» **ACTION ITEM**: In the listing below, the answer starts at the line that has "1985 Ford F-350" and stops after the line that has "Compilation of irresistible"; please repeat that part exactly and nothing more.

*** DATASET EXCERPTS Section Begins ***

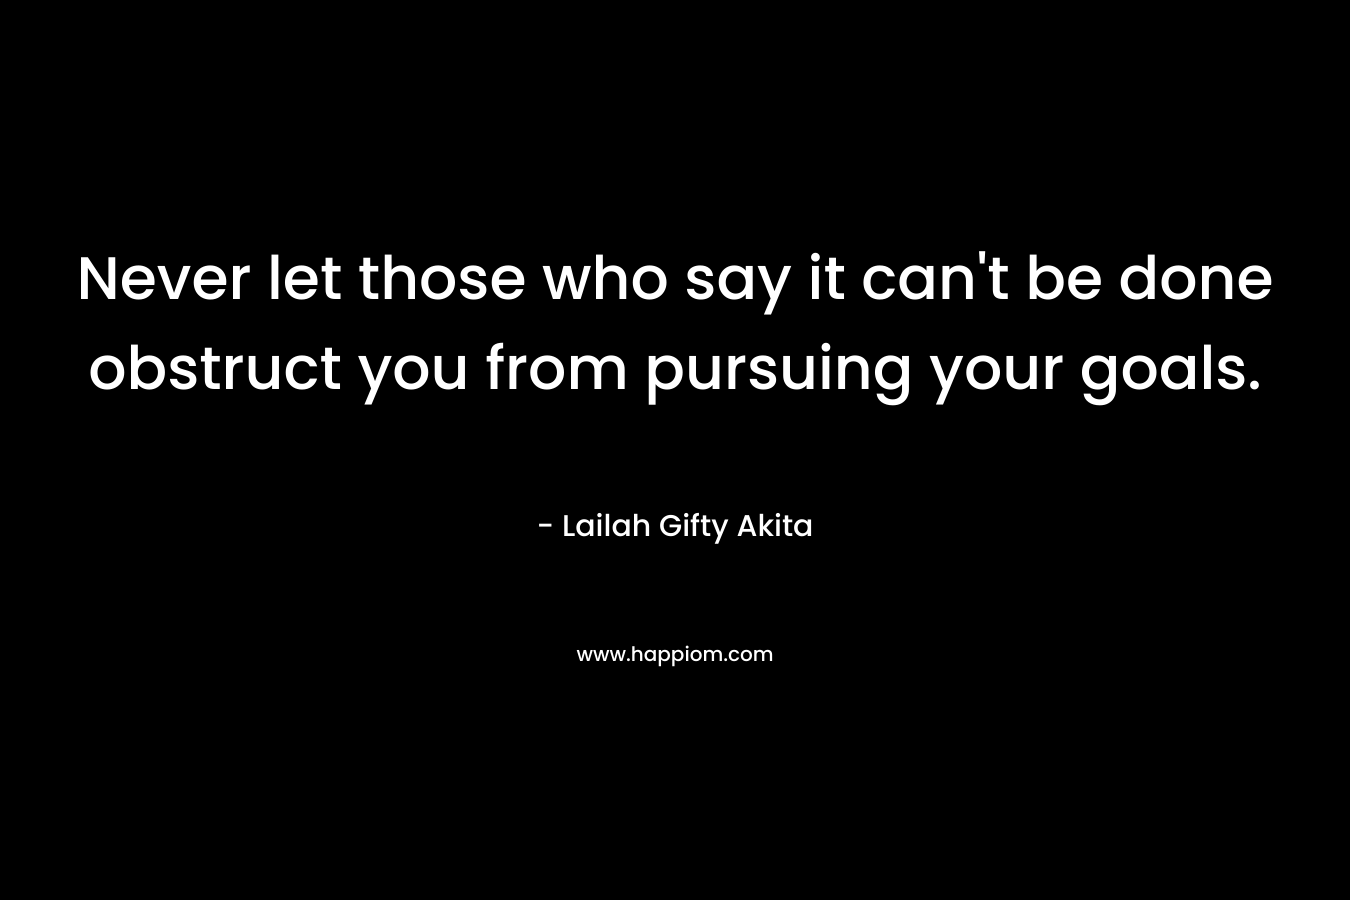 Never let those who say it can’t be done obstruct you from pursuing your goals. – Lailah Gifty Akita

*** DATASET EXCERPTS Section Ends ***
*** DATASET EXCERPTS Section Begins ***

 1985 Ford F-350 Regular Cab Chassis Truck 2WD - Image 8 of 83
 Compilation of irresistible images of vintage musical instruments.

*** DATASET EXCERPTS Section Ends ***

» **ANSWER SECTION**:
 1985 Ford F-350 Regular Cab Chassis Truck 2WD - Image 8 of 83
 Compilation of irresistible images of vintage musical instruments.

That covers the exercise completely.